I have not been to Cobb’s Hill since last summer, when I returned to Rochester for a wedding. I was with A. We had each flown in from the larger cities where we lived and we were restless in our quiet town after each event ended. It was an Indian wedding; you had to pace yourself. We found ourselves on one of those nights parking on Highland after driving around and then hiking up the drive. Red radio tower lights blinking in the distance. It took on the quality of a date or of high school only after we began walking.
Sitting on our hill looking out at our city, we talked, the way you talk when you are looking at a skyline—any skyline, and it is warm enough, a particular kind of warm, which is not too hot, not humid, not anything but enough to make you glad that your skin is the only layer between you and the world, heat-lightning in the distance, talking too much to people you don’t know well enough. But no one is listening to anyone too closely. Overtalking. This was seventeen again. We listened to the sound of our own voices, heard them cross each other. We leaned into each other.
When my parents were young, when they were new transplants to this country, they brought their young children, my brother and me, to Cobb’s Hill. And summer and fall evenings we would chase each other around the reservoir and race each other down the hill. My parents and their good friends, a childless couple, kind but frozen in that way of people without kids, would walk patiently, their after-dinner digestive. I always looked for the roof of the house with eight chimneys. As though I had a tic, I would count all eight and wonder the same thoughts: Who lives there? How can you have eight chimneys? The house was one of many talismans for me, landmarks in the two or three miles of this city I still recognize as mine. The sky was a faint pink-purple and you could even see the top of our high school from that hill. Now it surprises me to consider how many other people to whom that park must belong. I rarely went to the non-reservoir side of the park, where there are basketball courts and fountains and tennis courts. I don’t play tennis. For me, Cobb’s Hill is the reservoir, is the scrubby patch of pines and the clearing where people practice tai chi, is the cement structure, house-like, at the top where people sit with their kids or their lovers. And it is the hill we sled down or sat by for kissing. At the top, we’d always pause to look at the view. We would sit on the steps leading down from the pavilion and the gatehouse that looks like Greek or Roman ruins—something classical about the architecture, something dignified—though these columns were built in the 1900’s and they are not in ruins. Cobb’s Hill felt like my backyard, the corner of the city and the suburbs, an intersection, a line. It was where we learned to drive, where we ran sprints in track practice. If you run again and again up and back the same hill, you lose your breath. Pausing at the foot of the hill, hands resting on your hips, you will look at the row of pine trees instead of the skyline, because that is what you can see, and you will begin to belong to a place and it will belong to you.
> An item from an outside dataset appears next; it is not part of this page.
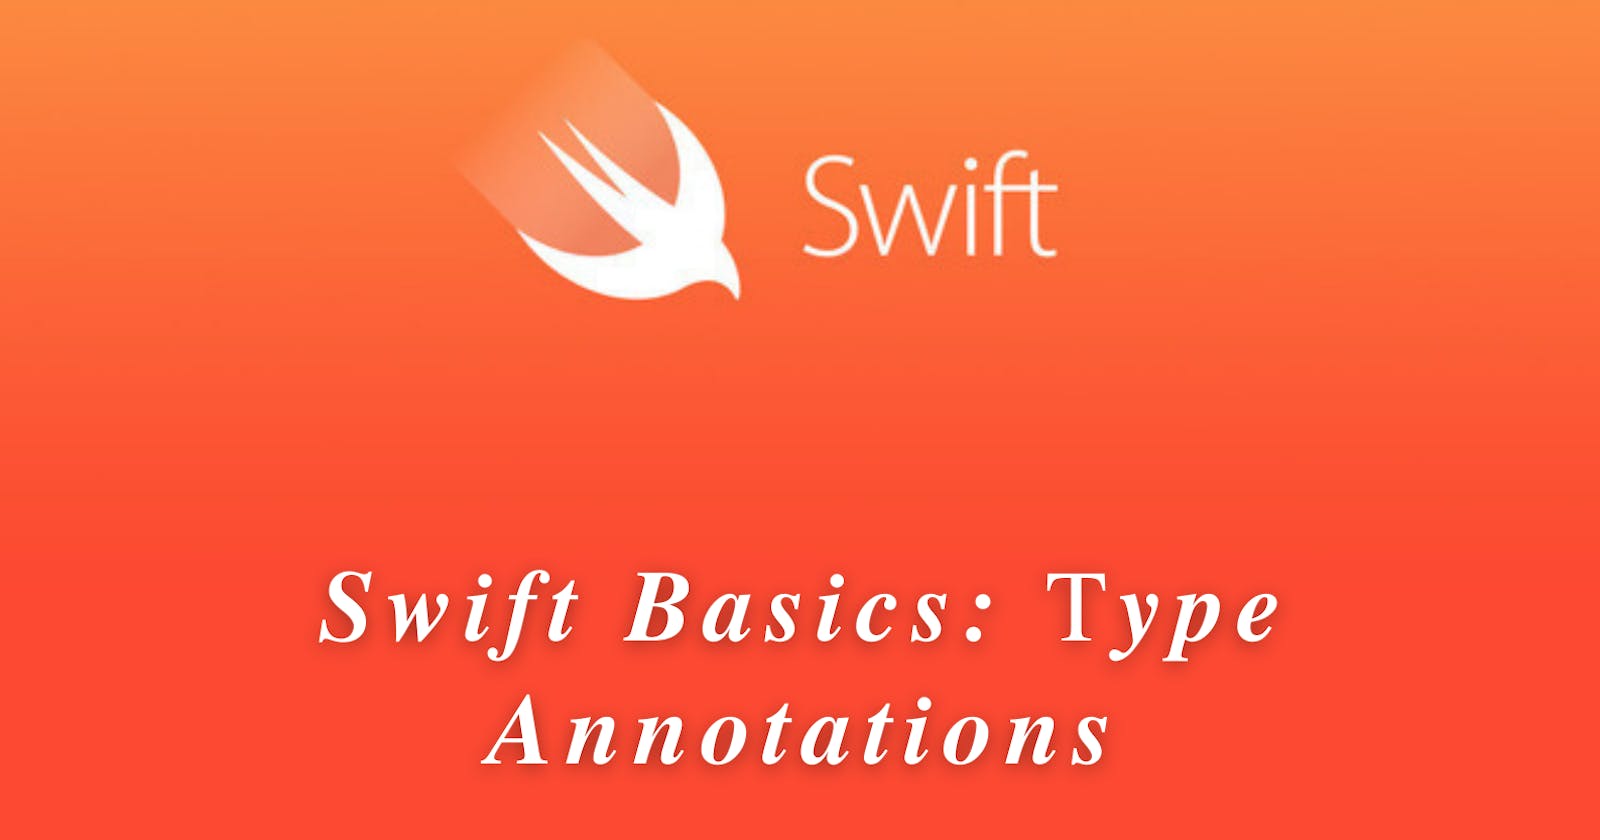 Swift Basics: Type Annotations

That summer night, I was walking with A. We strolled and paused behind a Canadian goose, which wasn’t able to fly, but just squawked in dismay to another goose, its friend, floating on the reservoir. It walked in front of us on the circular pavement path surrounding the water, flapping its wings and hopping. And it was something, watching an animal that was never going to make it, this bird who had stopped being able to fly, and would not make it over the iron fence and what was going to happen to it; and we were walking in the perfect night air and though we liked each other and talked, we were back somehow in high school, powerless, driving around looking for a pizza place open past eleven. We were never to kiss. We were only to look at the dark water, only to talk around and at, to nod at the three other people who were there on the hill at night, to stop a moment to lean into the bars around the reservoir and then to resume walking. He chased after it a bit—we wondered if we could scare it into flying. Startle it. It didn’t seem right for a tall bird to be walking in front of us like a woman in shorts, exercising.
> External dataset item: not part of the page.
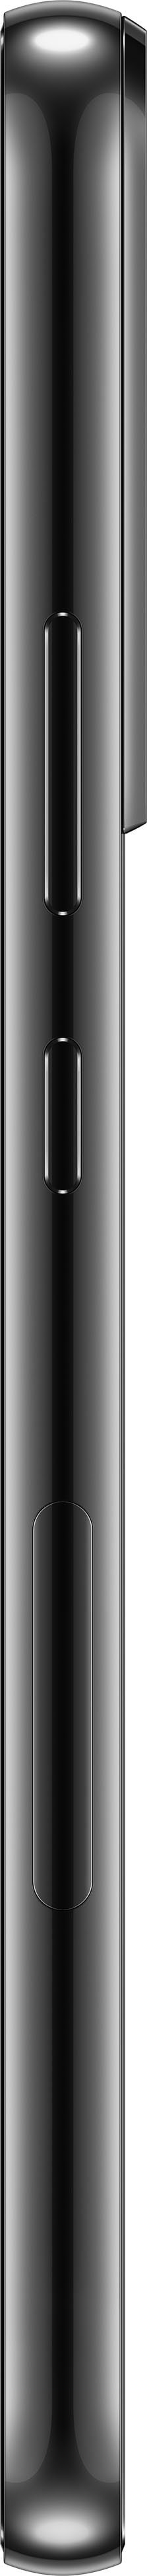 Samsung - Galaxy S22+ 128GB - Phantom Black (AT&T)_6

At the wedding, while waiting to get a drink at the bar, A and I had suddenly realized that almost everyone we had grown up with, and almost everyone there, was married. We were in our thirties, but it still surprised us. A lives in San Francisco. I live in New York. In those places we are single and not merely odd.
I can see, at Cobb’s Hill, my seventeen year-old self with B before our first date. We were going to dinner at a place his mom had recommended, and it was spring but still cold. He picked me up at my house and we stopped briefly at Cobb’s Hill to look at the sunset. And I am nineteen, running down the hill the night we both knew it would never work out, and then in my early twenties with C and he had brought a bottle of white wine and two glasses. He was always scaring me because he wanted to talk about things I didn’t want to talk about. It was winter again (it was nearly always winter then in Rochester) and when we got out of the car B was there with his girlfriend. So we drank that wine and talked but we also got out of the car and went sledding. It was a steep hill—and you could spill right out into traffic on Monroe—but that and the stories of people who had been paralyzed—they never stopped us. I shared a sled with B’s girlfriend, one like me, whom he did not marry. I only remember that she had dark hair and one of us must have held onto the other in order to stay in the sled. B and C liked each other, too; we went out for beers once or twice at Rohrbachs.
A is for animal, B is for boy. We, all of us, were in our early twenties then. Who knew how any of it was going to turn out? We were young, each pair of us an animal. We were ourselves, fledgling: birds who would never lift off, never rise.